Há três anos, enfrentávamos a pandemia da Covid-19 com as crianças dentro de casa, afastadas da escola. Ainda chegam muitos casos no consultório de crianças com transtornos ou traumas causados por conta desse isolamento?
Eu não posso receber nenhuma criança e escutar nenhuma família sem voltar com essa família ao ano de 2020. A primeira pergunta que eu faço para as famílias é como foi o ano de 2020 para eles e para a criança. Nesse período as crianças foram convocadas para um universo das telas por necessidade, elas foram inseridas nas rotinas dos adultos. A escola foi para o computador. Essa foi a realidade de uma maioria esmagadora das famílias. Então, isso causou um impacto.

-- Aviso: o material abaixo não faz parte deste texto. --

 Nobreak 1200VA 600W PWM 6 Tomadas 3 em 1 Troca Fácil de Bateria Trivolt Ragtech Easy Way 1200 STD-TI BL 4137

Tem muitas crianças, por exemplo, que hoje apresentam um atraso na fala, que hoje apresentam um desafio na socialização. Teve criança que nasceu em 2020 e cresceu dentro de um apartamento, enfiada nas telas. A pandemia trouxe muitos impactos a muitas crianças.

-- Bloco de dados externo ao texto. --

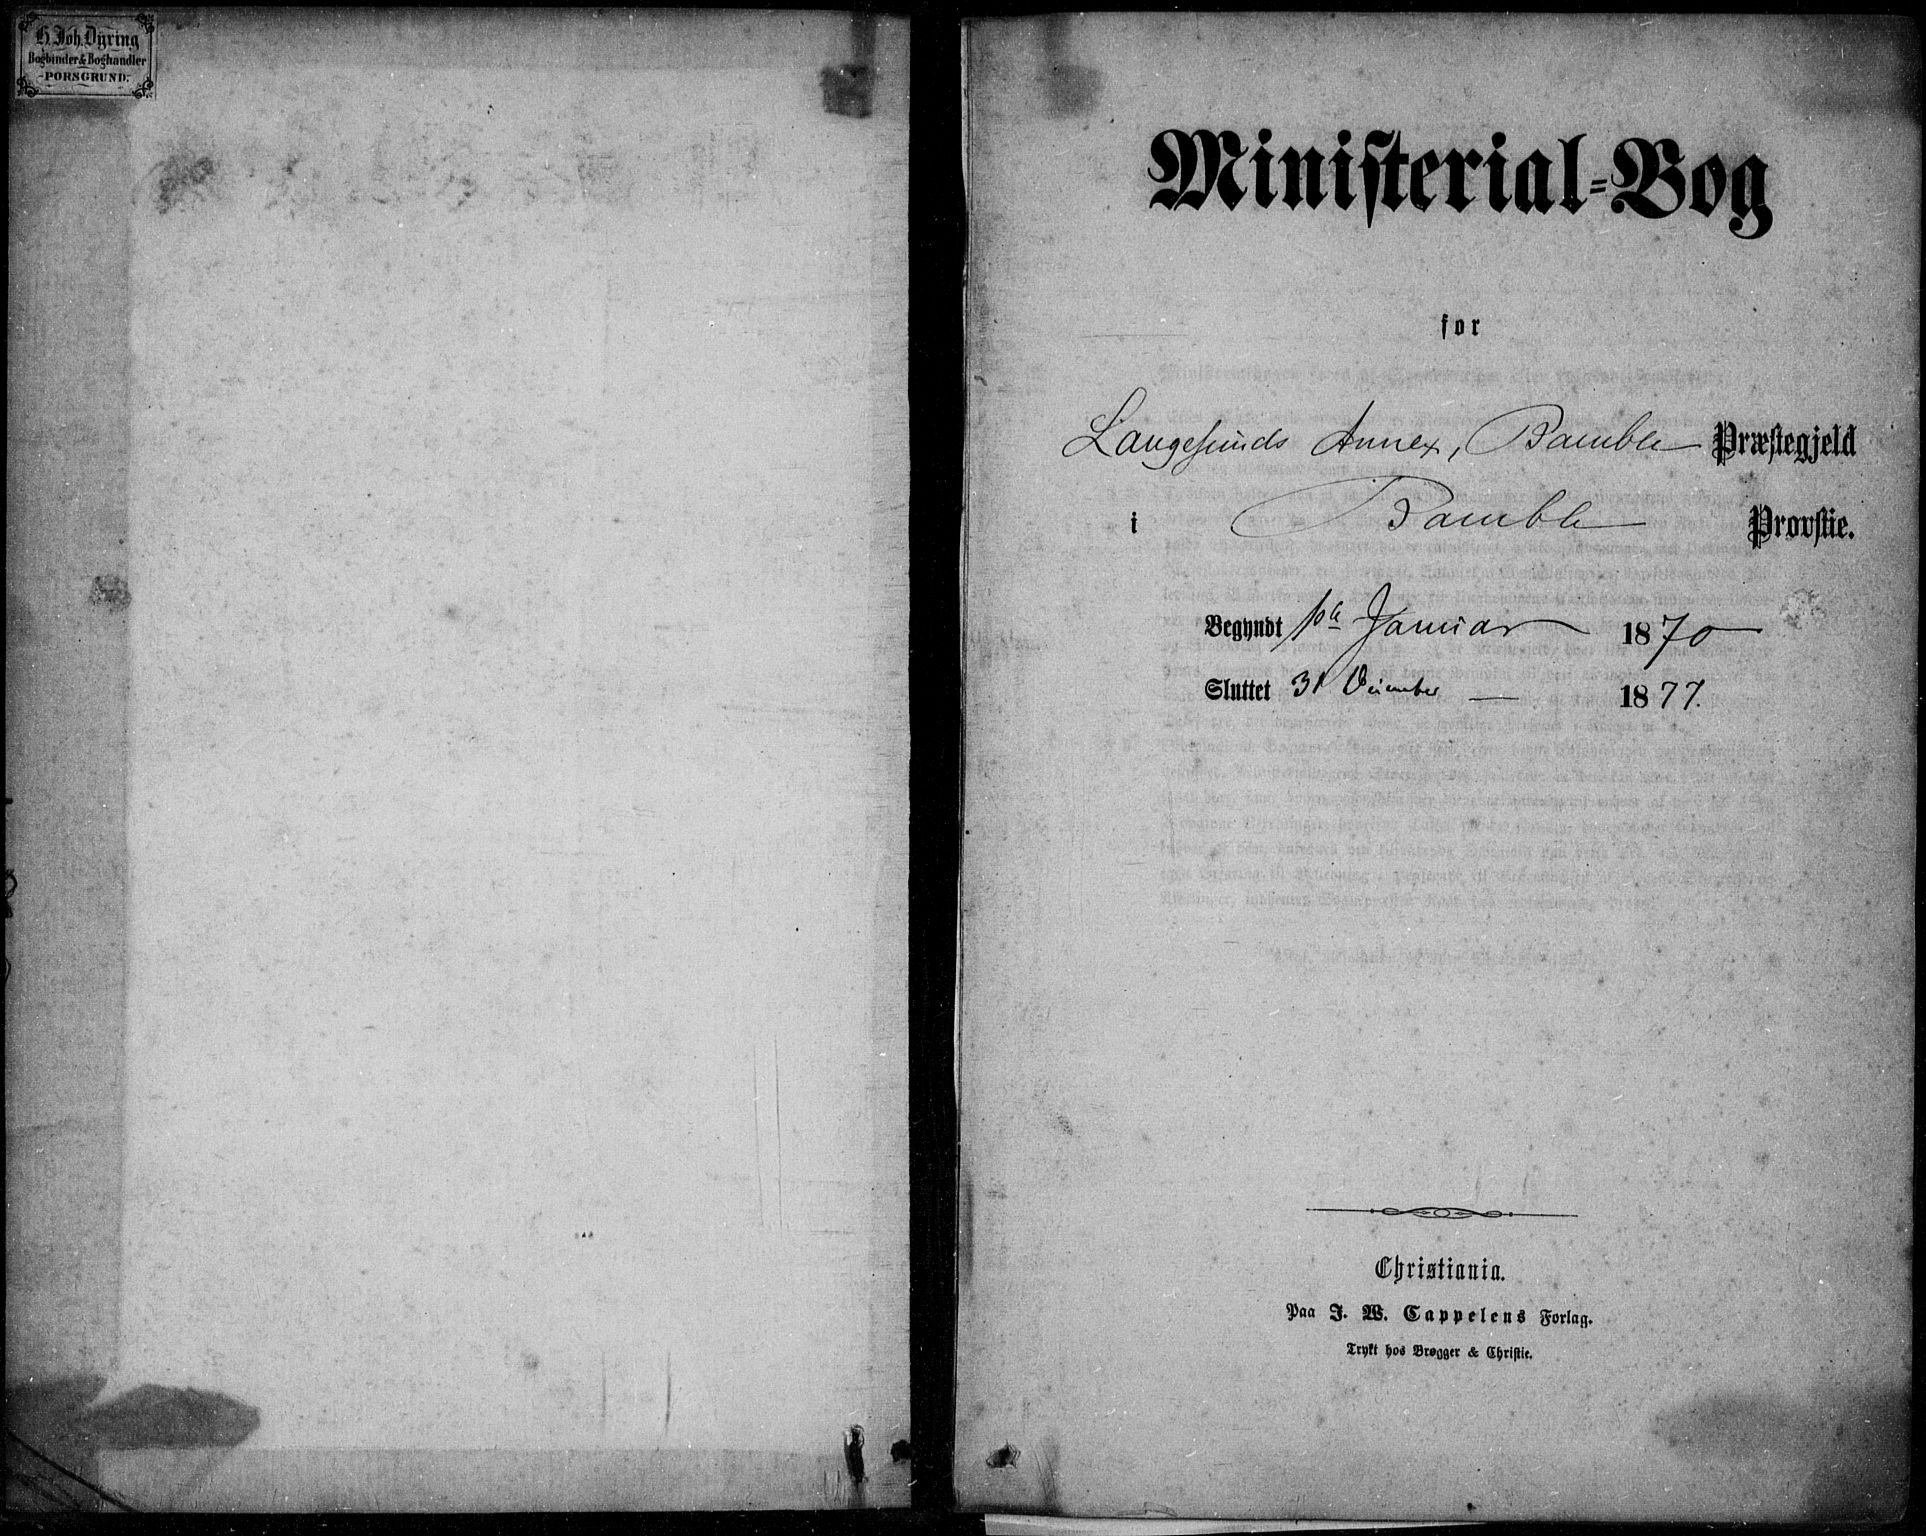 SAKO, Langesund kirkebøker, F/Fa/L0001: Ministerialbok nr. 1, 1870-1877

Como os pais podem identificar uma criança do movimento?
Eu costumo brincar que quem tem uma criança do movimento em casa não tem dúvida, sabe? É uma demanda muito intensa, normalmente é uma criança que acorda muito cedo, que tem essa necessidade de brincar, de um brincar muito corporal, muito sensorial, é aquela criança que nos demanda a literalmente sair do sofá. Normalmente, é essa criança que traz esse pedido do movimento da experimentação e que nos cansa no âmbito físico. Tenho uma frase que é assim: a criança que se movimenta muito vai incomodar, porque ela nos demanda que a gente saia da nossa zona de conforto. Só que uma coisa que eu aprendi, que achei importante fazer, é que não são as crianças do movimento que têm que se adaptar, é o mundo adulto que precisa se movimentar para acompanhá-las.

Quando procurar alguém, e a quem procurar?

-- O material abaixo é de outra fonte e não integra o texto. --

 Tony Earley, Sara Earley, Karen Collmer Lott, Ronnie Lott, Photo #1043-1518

Se eu identifiquei que tenho uma criança do movimento, eu não preciso procurar um profissional, preciso procurar espaços para o meu filho brincar livremente. Preciso procurar escolas em que a metodologia é mais flexível que o brincar livre, o tempo ali, até o tempo corporal, ele é priorizado na proposta pedagógica. É muito mais um ajuste de cuidar da rotina dessa criança. Nesse contexto ela vai precisar ir para espaços abertos, diminuir a tela e eu vou buscar escolas e espaços em que eu sinto que o meu filho vai ser acolhido e validado e não buscar um diagnóstico. O diagnóstico a gente busca quando a criança vai apresentar prejuízos, quando essa movimentação em excesso produz prejuízos. E ela mobiliza prejuízos em alguns âmbitos: na socialização da criança, na produtividade da criança, na execução e na finalização das tarefas do cotidiano. Aí sim possa ser interessante procurar uma ajuda profissional para saber lidar com essas situações.